I guess I had a misconception about huggingface tokenizers. It seems in general, these tokenizers are themselves neural networks and their outputs may be somewhat unpredictable.

ArthurZucker commented 4 weeks ago

No no, they are not. You sometimes have dropout, but in this specific case I was mentioning that the unk token is not place at random positions at all! It is placed instead of '|' which is not part of the vocab

tshmak commented 3 weeks ago

But how does it determine where to insert the '|'? The output here,

ɡ ei2 j a4 n [UNK] ɡ eɜ p anɡ4 j au5 t aaɜ n [UNK] z o2 j a1 t [UNK] h au2 h eiɜ

does not make sense.
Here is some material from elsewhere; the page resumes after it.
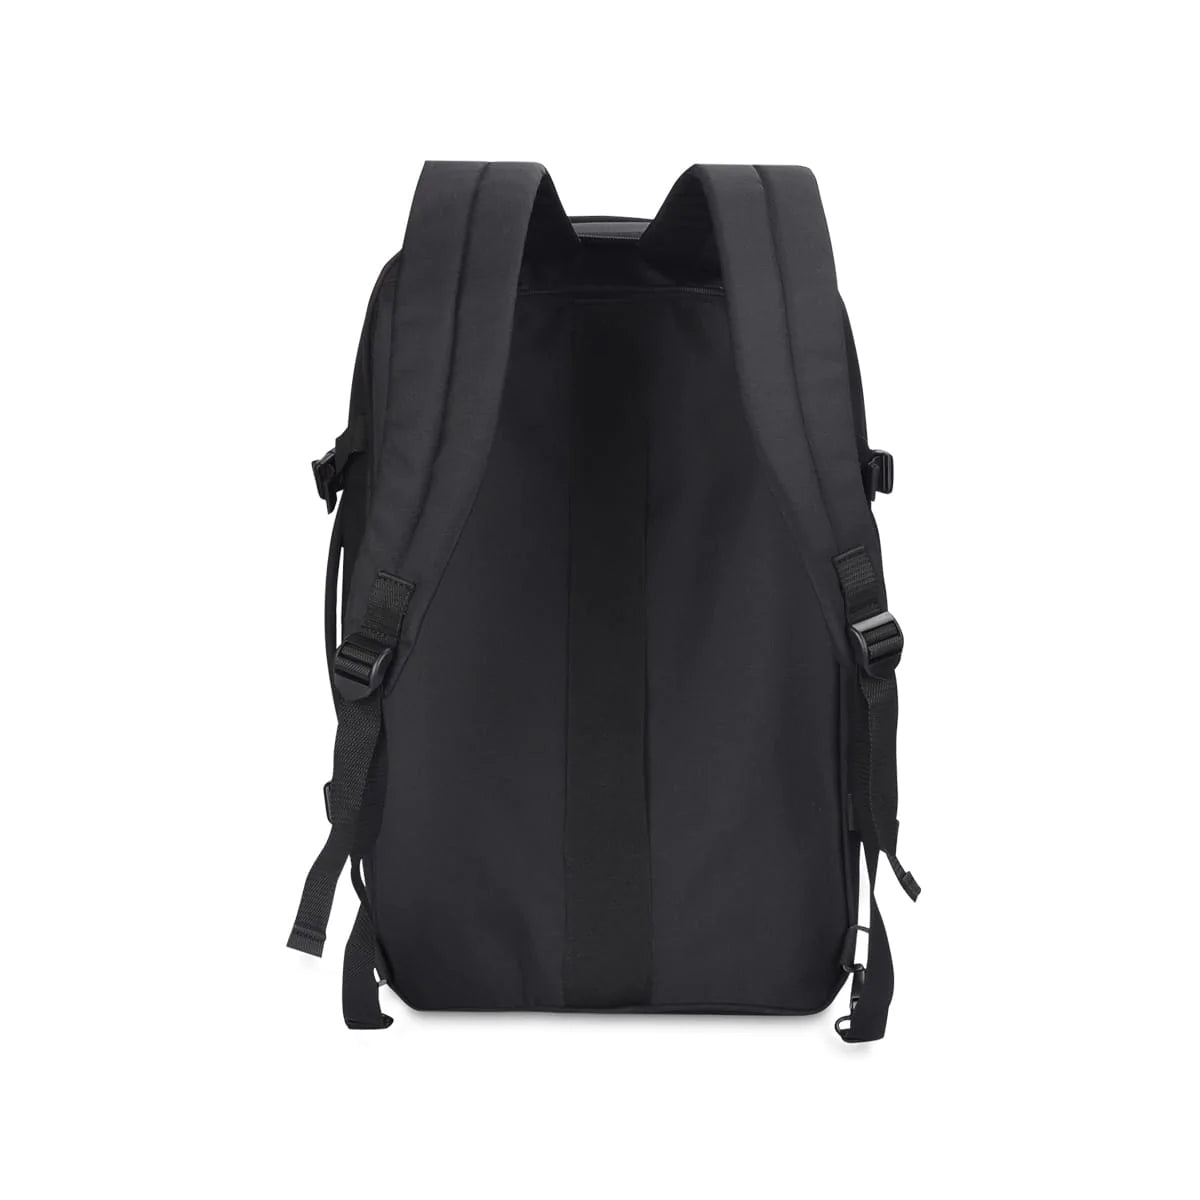 Black | Protecta Simple Equation Convertible Office Trave Laptop Backpack-3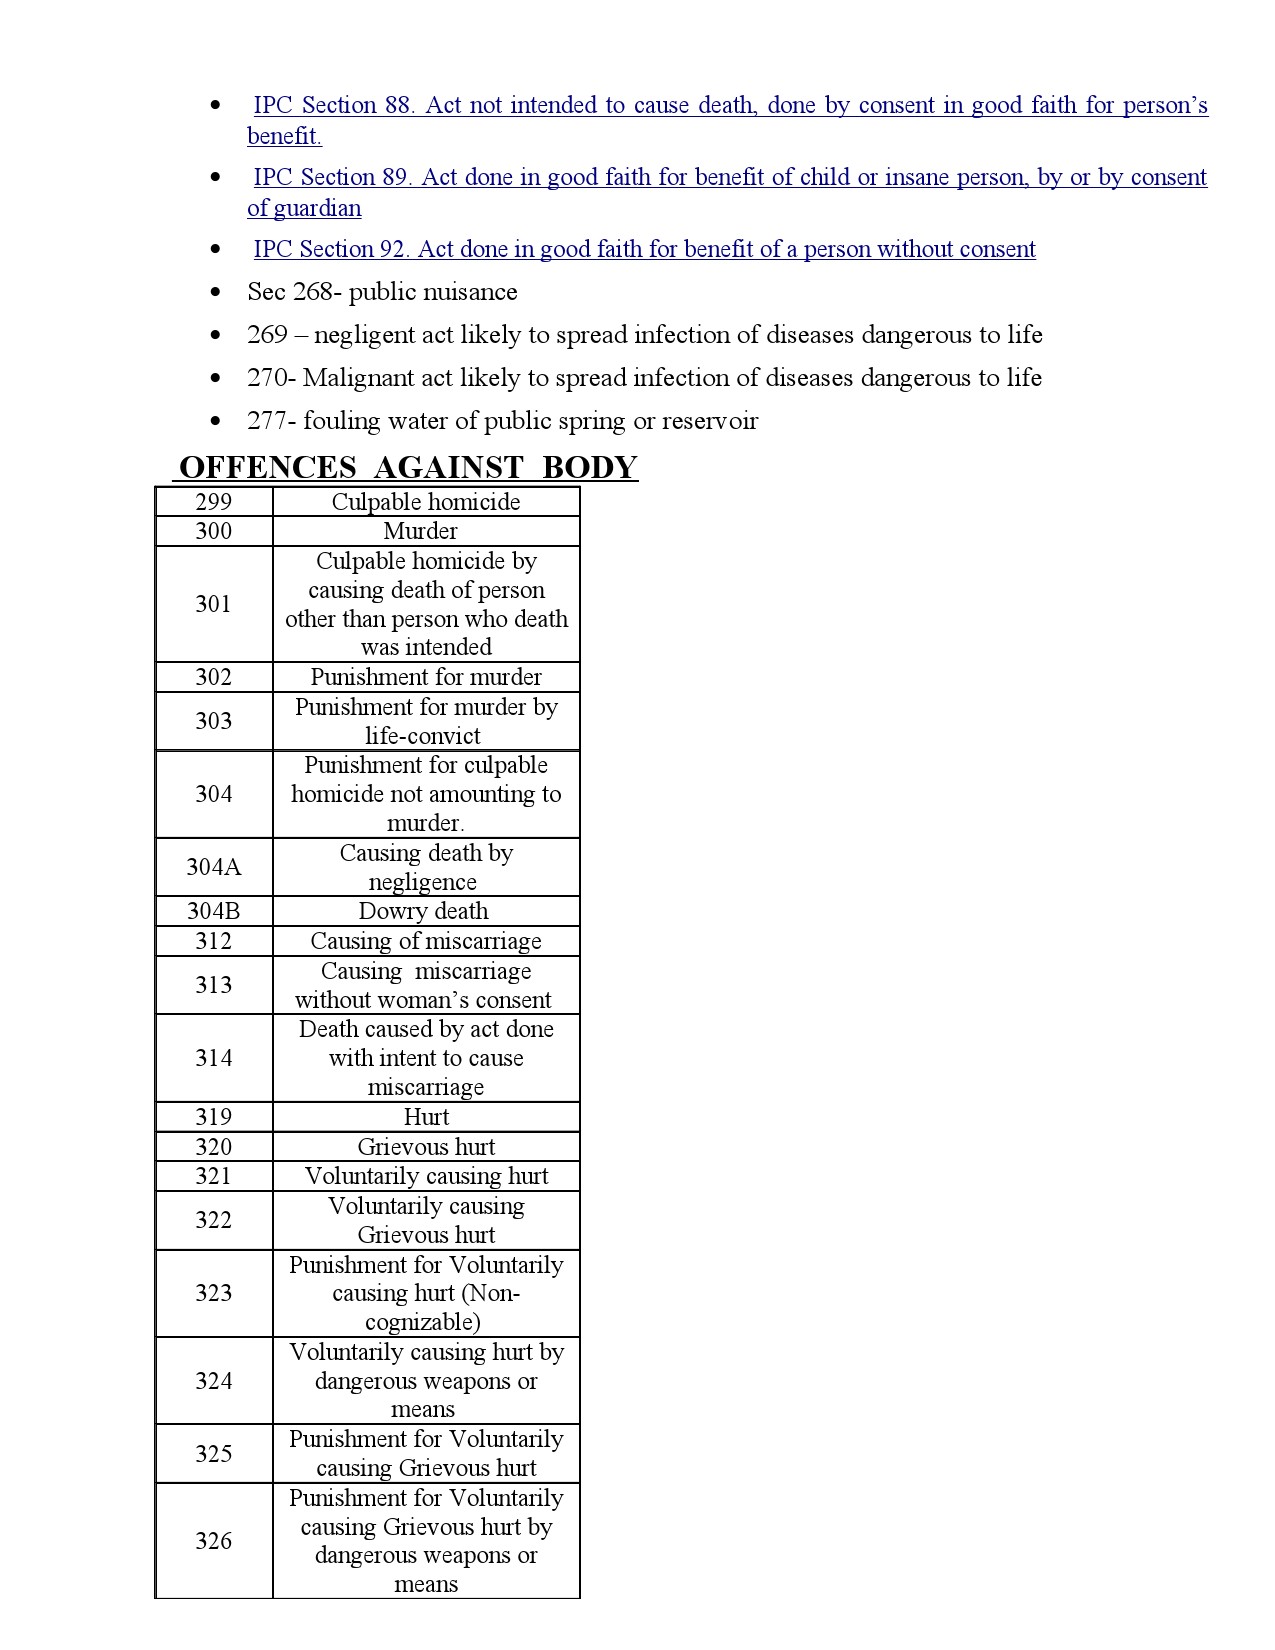 Syllabus For 2023 OMR Examination Of Civil Police Officer - Notification Image 11

If the "words" here correspond to chinese characters, then the word boundaries should be as follows:

ɡ ei2 | j a4 n | ɡ eɜ | p anɡ4 | j au5 | t aaɜ n | z o2 | j a1 t | h au2 | h eiɜ

So I suspect there must be a network of some kind (wrongly trained) that outputs these boundaries at the wrong locations, which appear somewhat random to me.

Actually to give a bit more context, these phones here are sub-units of jyutping, which are like the pinyins for Mandarin Chinese, except it's for Cantonese Chinese. There's no reason to expect the transformers Wav2Vec2CTCTokenizer to have been pretrained on Cantonese jyutping, so it's not surprising it got it wrong.

I suspect then, that Wav2Vec2CTCTokenizer was pretrained on English data, or perhaps even multi-lingual data. And because these Cantonese phones are not part of the training data, it parses it in an apparently random way. I just made some tests:

text = "應中共中央政治局委員兼外長王毅邀請,南韓外長趙兌烈將於下星期一至星期星期二訪華。" # Chinese characters 
print(''.join(tokenizer.tokenize(text)))
text = "This is a good day. Let's go picnic!" # English
print(''.join(tokenizer.tokenize(text)))

The tokenizer correctly inserts the word boundaries for English:

"This|is|a|good|day.|Let's|go|picnic!"

And for Chinese, it correctly leaves out the word boundaries:

'應中共中央政治局委員兼外長王毅邀請,南韓外長趙兌烈將於下星期一至星期星期二訪華。'

So I think the conclusion of the matter is, Wav2Vec2CTCTokenizer is not designed for arbitrary sequences/languages (e.g. jyutping phones).